The Right Coast
December 23, 2005
The expectation of privacy in nuclear weapons
By Tom Smith
Here is one account of what the smallest nuclear weapon exploded in a US city would do. Dirty bombs here.
As I have mentioned before, I am not a constitutional lawyer. But I cannot escape the feeling that the various constitutional scholars commenting on the radiological surveillance issue are missing the point or else they are making the point that interpretation of the constitution has reached a reductio ad absurdum.
Here are some things I take to be self-evidently true. You have no expectation of privacy in a nuclear bomb. If you have a nuclear bomb, the Army, the Marines, the salvation army, whoever, should be able to go and take it from you. They should be able to shoot you if you try to stop them.

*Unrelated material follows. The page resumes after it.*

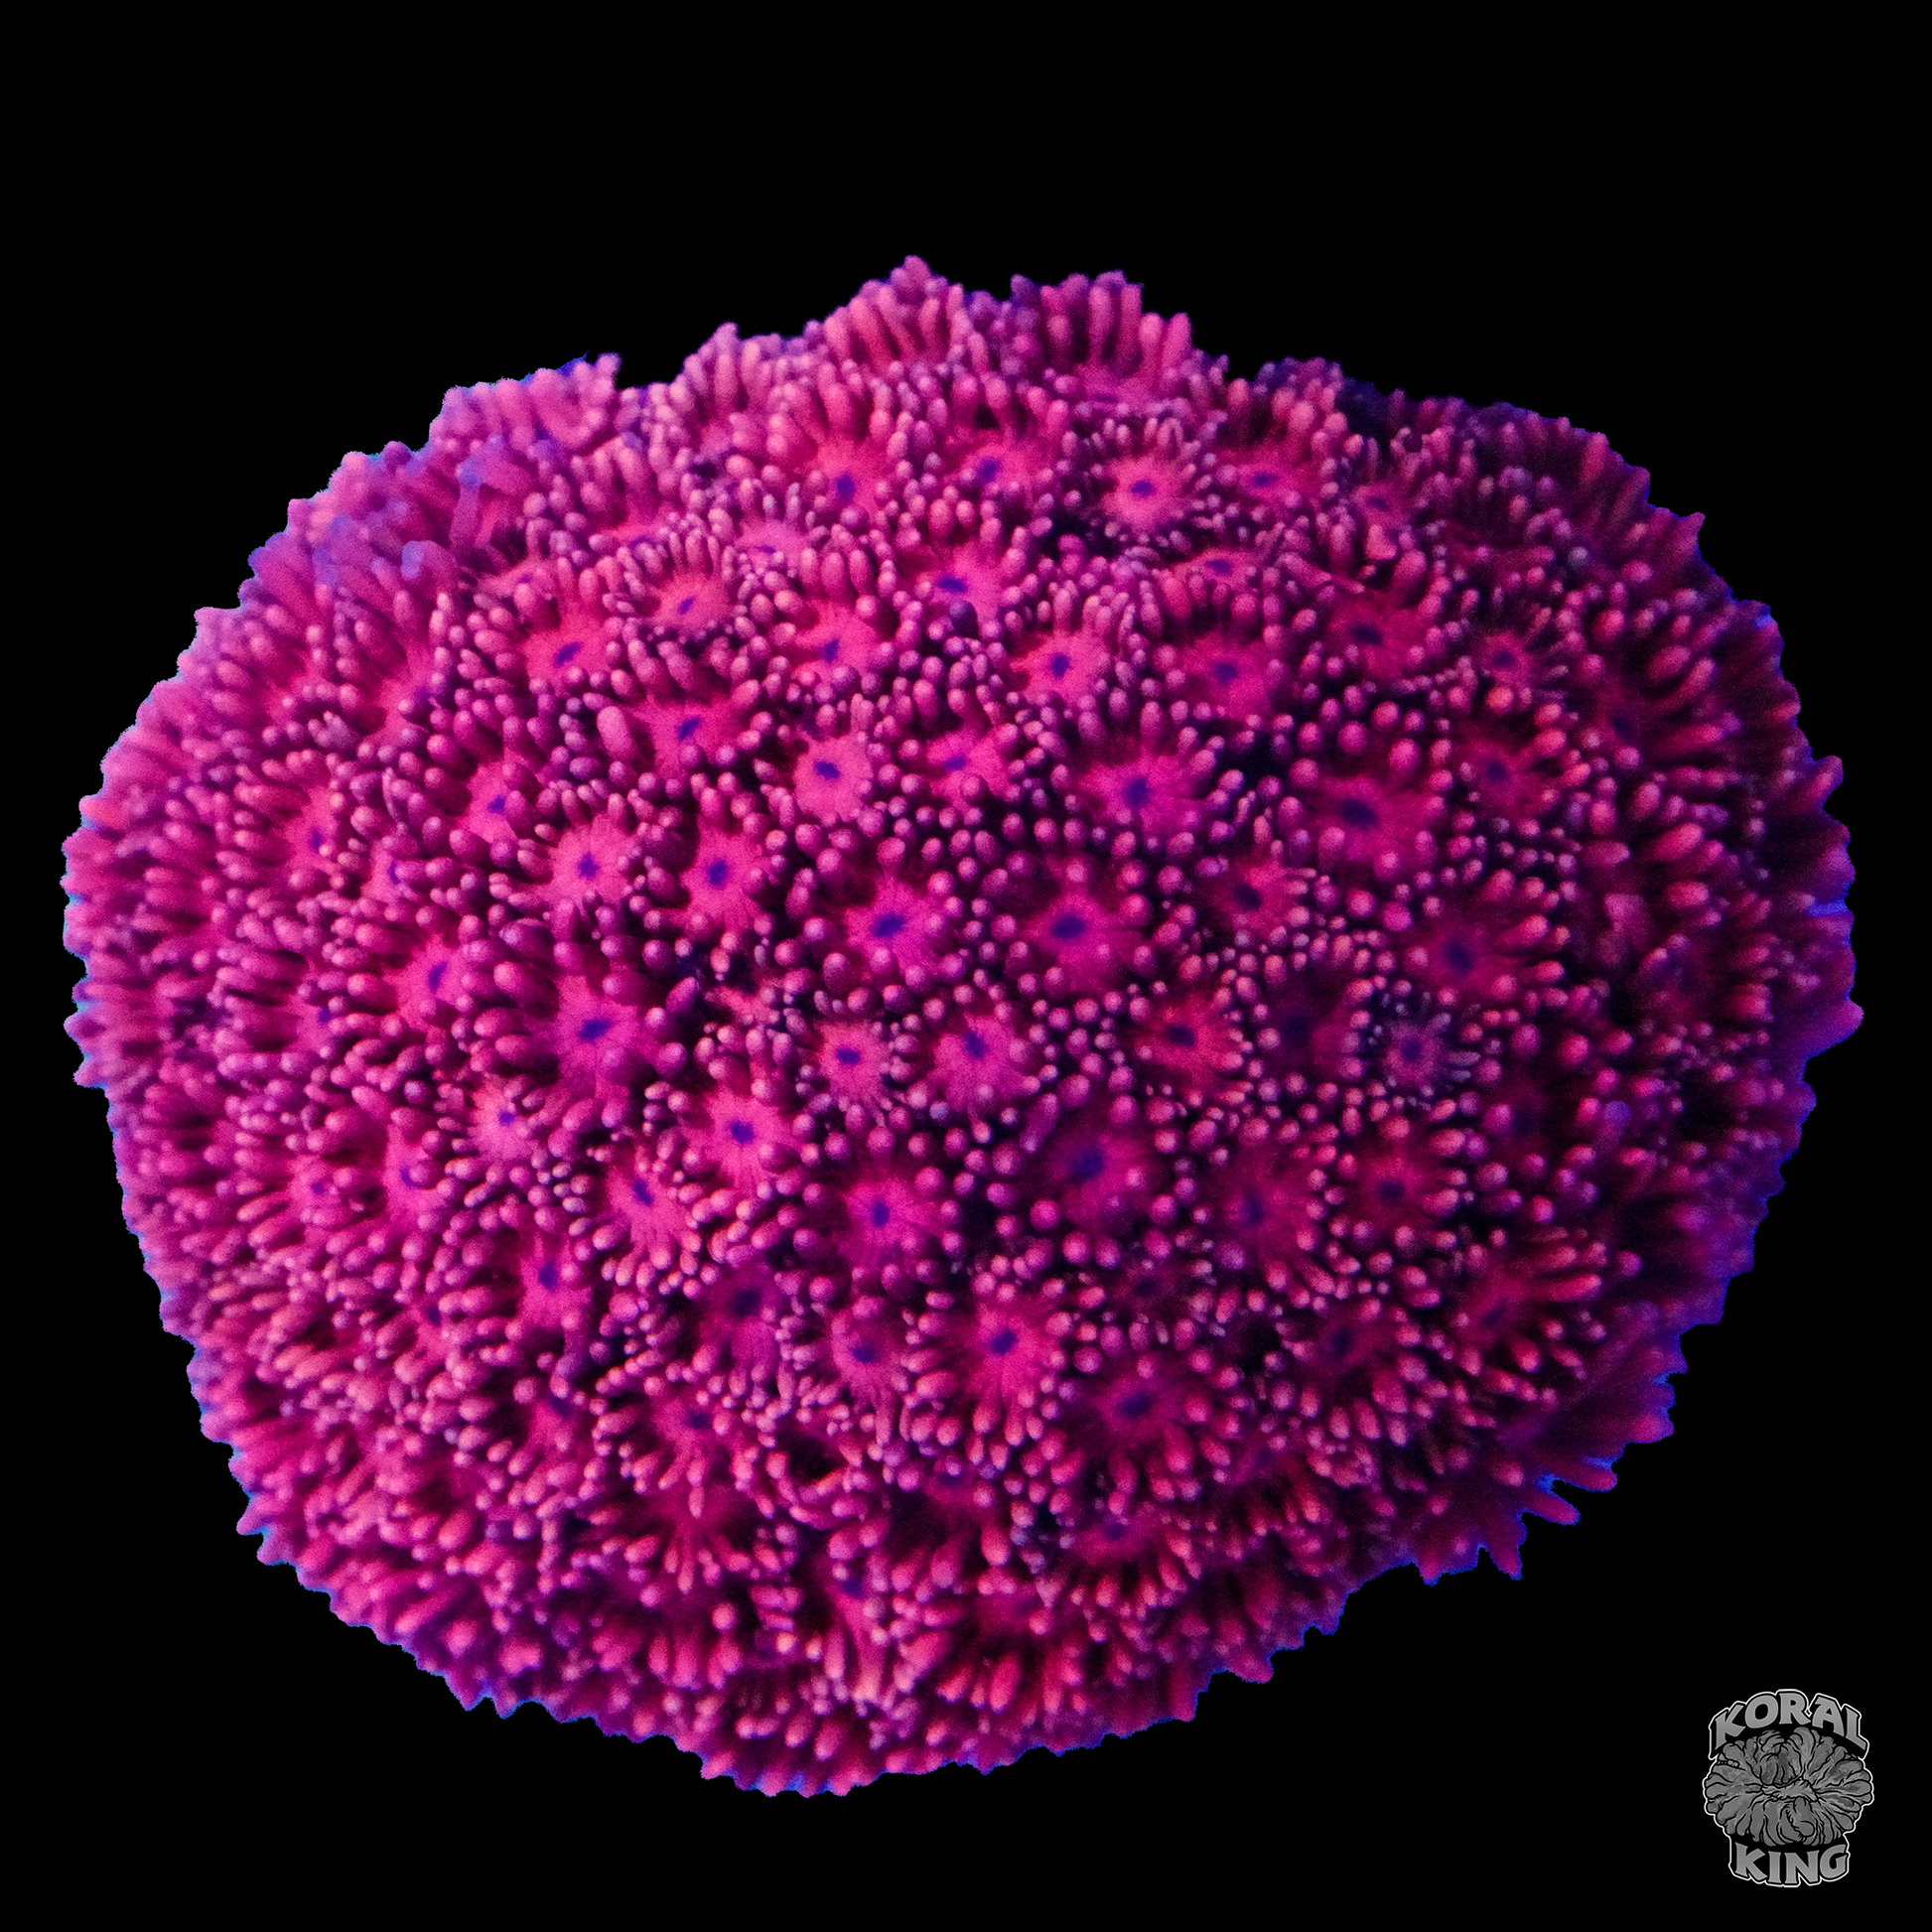 Ultra Pink Goni - Koral King

I mean, pardon me, but is it not just a little insane for some law professor to say, as at least one has, oh, well, you can check for gamma rays from the street, but don't you dare drive into the parking lot, because that's invading somebody's privacy. Privacy of what? The right to emit deadly, high energy radiation into your parking lot? Did a right to emit gamma rays sneak into the constitution when nobody was looking? I mean, seriously. Let's look at what we are talking about here in literal terms. This is a van, like a UPS truck, that drives around on the streets, and occassionally pulls into parking lots and such places. Inside is some kind of meter, and if a little red light goes off, that means, holy shit, they seem to have a nuclear bomb in there. If anybody has an expectation that they can keep their nuclear bomb private, at least until they kill thousands or millions of people with it, and condemn many others to slow, horrible death, not to mention the thousands of babies who will be born with heartbreaking defects, I would suggest they change their bloody expectations.
Just from the outside, I get the impression that reasoning backwards from the conclusion they have already decided they like is a large part of what constitutional scholars do. Here, therefore, I would suggest they just start with the proposition that you just can't have a nuclear bomb in your house or your mosque or your synagogue or church or place of work, or even in the sacred precincts of your innermost marital cozy love room. No nuclear bombs. That's just it.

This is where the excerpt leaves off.